Being able to save and restore the window arrangement is also awesome. I keep iTerm2 in full-screen mode and I have it split into 4 terminals. If I need to restart iTerm2, I simply choose Window -> Restore Window Arrangement and my split terminals are restored.

As for symlinks from your home: I prefer to add aliases for directories I move to a lot. For example:

alias cdss='cd /Users/username/somewhere1/somewhere2'

then I just go 'cdss' to get there from anywhere.

> You can make the terminal start instantaneously instead of it taking several seconds.

You can fix that properly in two steps:

1. Create a symlink to your preferred shell. E.g. `sudo ln -s /bin/bash /usr/bin/bash`

2. In Terminal Preferences, use /usr/bin/bash as your shell, instead of the default login shell.

To confirm that you've fixed the problem:

- Open a new terminal window.

- "Last login" should NOT be displayed.

- Hit Command+I to show the inspector. The command should read: login -pfq username /usr/bin/bash.

The -q switch on /bin/login is what speeds things up. (.hushlogin does not solve the problem)

In order to get Terminal to pass the -q switch to /bin/login you have to use a non-standard shell, hence the symlink.

> Make a few symlinks from your home directory to the directories you use frequently. Instead of doing cd this/that/code/python/project/ you just do cd ~/project

If you are using ZSH, you can just append paths to the $cdpath environment variable. This will allow you to "cd name-of-project" (assuming you've added your project directory to $cdpath). No need for a mess of symlinks in this case.

Or you can use "cdargs" [1], available in Homebrew [2]

[1] http://www.skamphausen.de/cgi-bin/ska/CDargs

[2] brew install cdargs

I have my current git branch display as part of my command prompt when I'm in a project directory.

parse_git_branch() { git branch 2> /dev/null | sed -e '/^[^]/d' -e 's/ \(.*\)/(\1)/' }

export PS1="\u@\h \[\033[32m\]\$(parse_git_branch)\[\033[00m\] \W $ "

You might want __git_ps1. Similar idea, but more functionality & maintained by someone else!

I noticed your main editor is emacs? I consider myself a Terminal Native as well, but why dont you like using GUI Emacs and Eshell/m-x Shell instead?

In practice I find Terminal/tmux/emacs a more pleasant experience to me than GUI emacs/frame and window/shell.

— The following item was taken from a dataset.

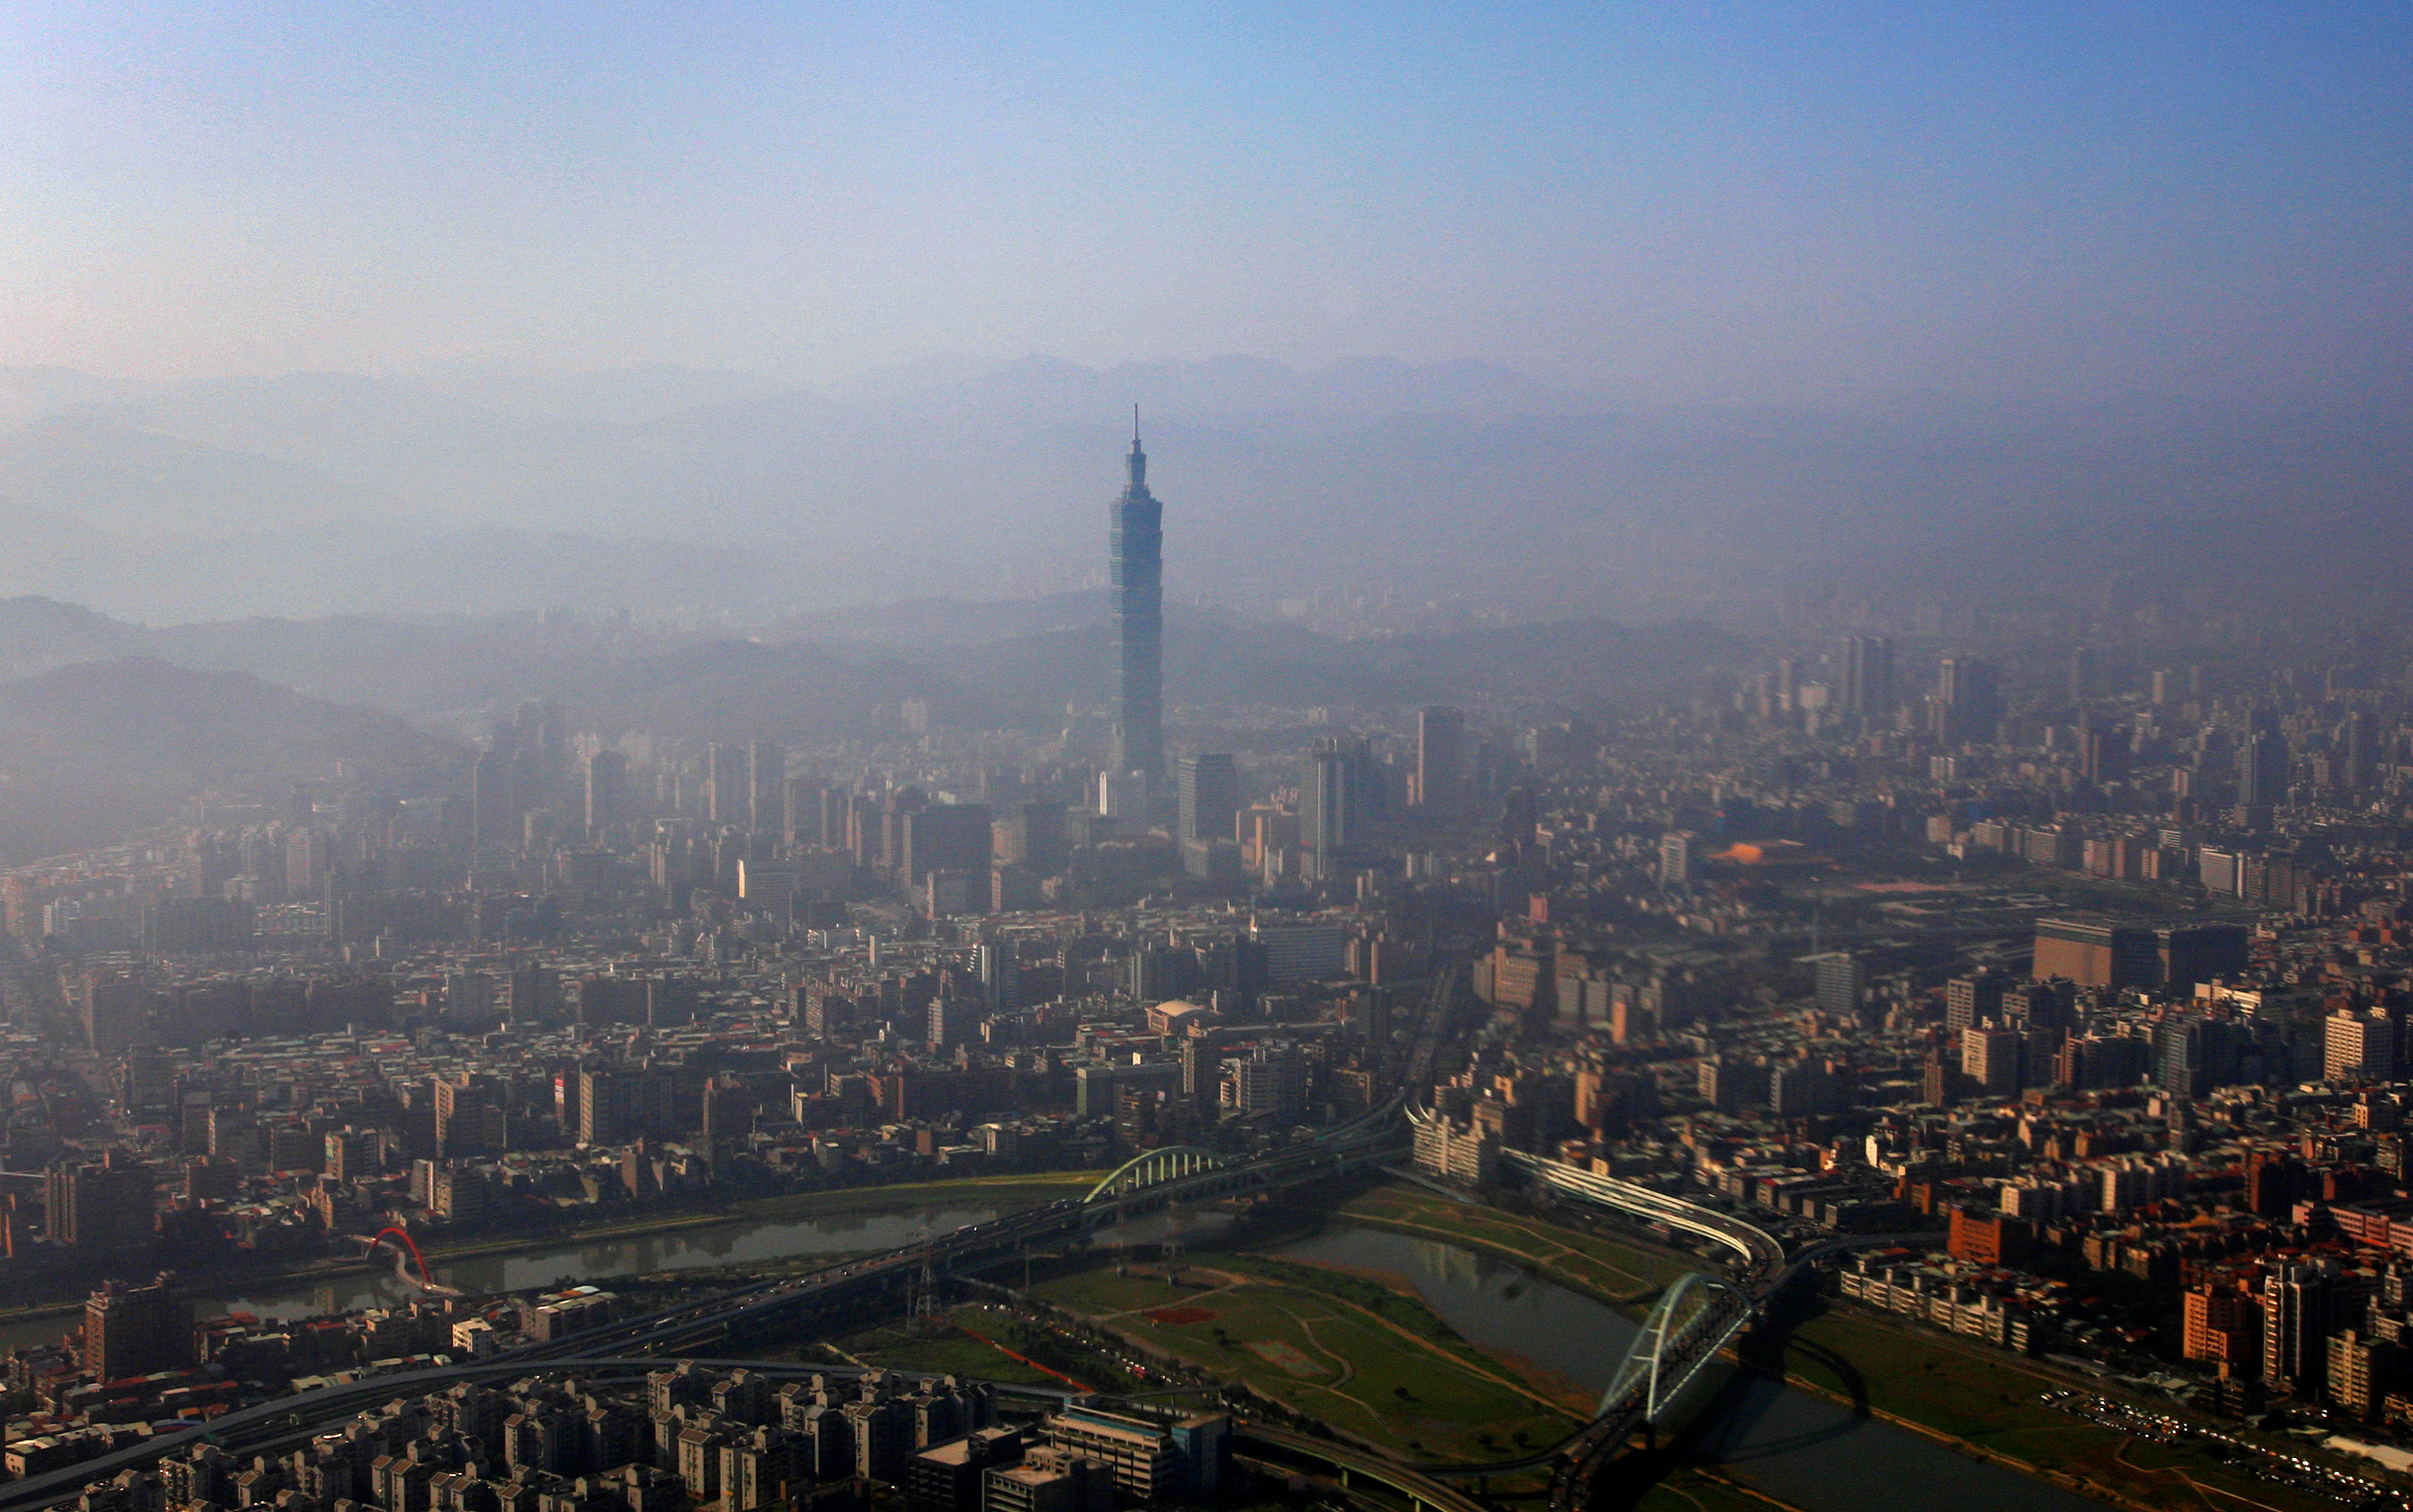 The Taipei 101 building is seen amidst the Taipei city skyline

GUI emacs does brings nice features: -multiple fonts / font sizes at the same time (nice for minimap http://www.emacswiki.org/emacs/MiniMap !) -more shortcut possibilities with s- added to the usual C- and M-- -more colours

Shell/ansi-term modes don't work well enough. There's always problems with shortcuts/encoding/escape sequences/Ncurse.

It doesn't seem to work properly. It doesn't pick up my .bashrc, it doesn't have colors, etc.

Where did you find a GUI Emacs that doesn't have colors? I use http://emacsforosx.com. To set a color theme: M-x customize-themes.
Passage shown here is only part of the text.